If I were to follow that through, which is politically very, very controversial, why do I say that the National Health Service (NHS) has such poor results compared to the rest of Europe? It’s because the more money spent on it, the lower the quality gets because the spending mechanism is not about improving outcomes, sadly; and all the statistics now show that we’re roughly, in terms of outcomes, rather like an Eastern European country — Simply put: no one is challenging the data.
Everybody has good stories about the NHS, but many people have bad stories about failed diagnoses and failing to have efficient treatment. It’s not about public or private medicine, it’s about data. So in Europe most health systems are public, but they’re split between the provider and the insurer, and the insurer can challenge the provider looking at the data about achievements and saying why aren’t you doing blood tests early on which is what we don’t do here in the UK? And we’re spending lots of money rectifying stuff, which you wouldn’t have had to rectify if you’d done a blood test to start.
A Better Future?
Peter: Are there any countries that you know of that are performing well by analyzing the data?
Dr. Stone: Yes, because the health insurer does it; that’s how they develop the view about whether they should pay the provider — by looking at the data — and that’s what you see in Germany, Italy, France and all the Nordic countries and so on. A simplistic view perhaps, but the structure is part of it — you need the people who are delivering of course, but you also need somebody to look at the data and challenge the quality of the delivery.
Peter: But is that really AI?
Dr. Stone: Yes, they use AI to do it.
In the UK, are we just analyzing tons of raw data without applying intelligence besides human intelligence looking at results?
When it’s a very complex set of data you need AI. You need data mining, which is an early part of AI before you have an idea. You just tell me what’s happening in the system. You can argue that no hypothesis based work would have picked up the killer doctor, Harold Shipman for instance. Why would you have identified this guy? You might have done some simple outline analysis, but basically you want to look at the whole system and tell me what’s going wrong.

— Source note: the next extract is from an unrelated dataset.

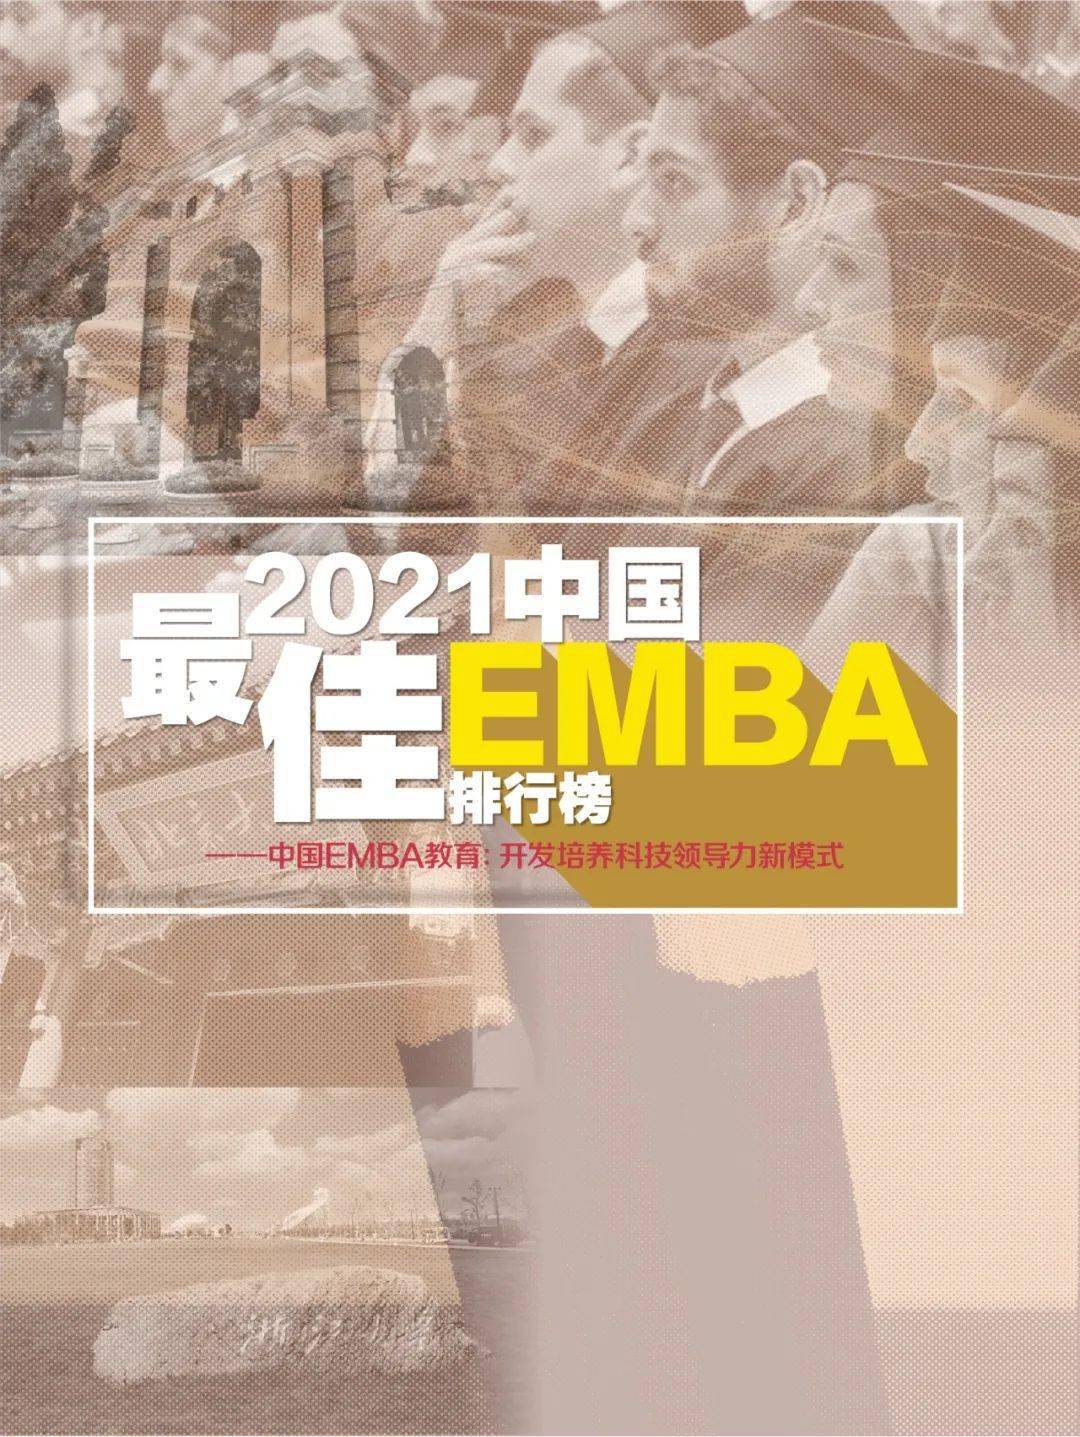 「emba哪家好」2021中国最佳EMBA排名-50门最推荐EMBA课程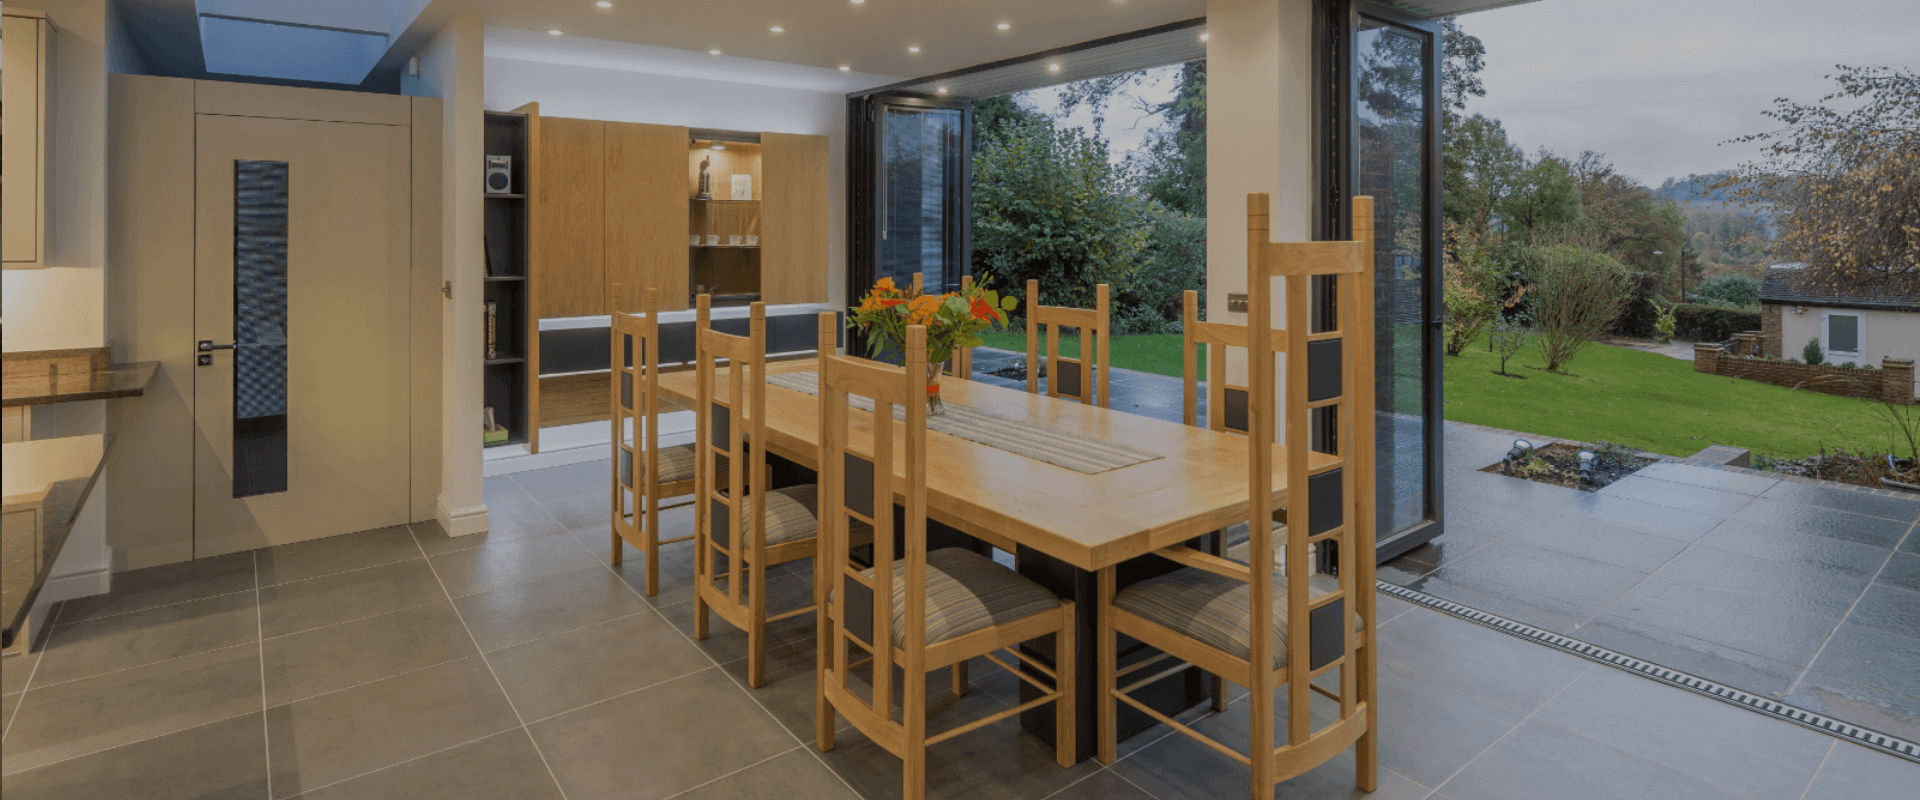 Dinning area interior design

Peter: Shouldn’t mortality rates per doctor have shown disparities?
Dr. Stone: But you’ve got a million things to look at — why would you look at mortality rates per doctor? Just tell me what’s going wrong. That’s in a way what AI does — it goes to the meta-level. It says: actually don’t worry about getting it right. That’s our job in the end; I’m the artificial brain; I’m going to help you by always identifying the things that are going wrong. And not just bad things that are going on, they may be good things. In this field, the Nuffield organisation, which is a research body, clearly says that efficient hospitals are also better hospitals. The ones who are under tough financial pressure and manage with it are also the better hospitals because they’re better managed. But that’s quite a big statement and has been backed by loads of researchers. My preference would be to feed the data into a system, which tells me what’s working and what’s not — rather than hiring lots of highly specialized researchers!
Peter: It can be depressing looking at how things are at present, but you sound very positive about the future of AI.
Dr. Stone: My dream is that one day all the stuff that’s done by all these highly skilled analysts and stats people won’t be needed anymore because we’re just going to say: ‘Alexa, tell me what’s working in my local health service?’ Yes that clearly will require AI. Alexa will have access to the data. The computer power is there now.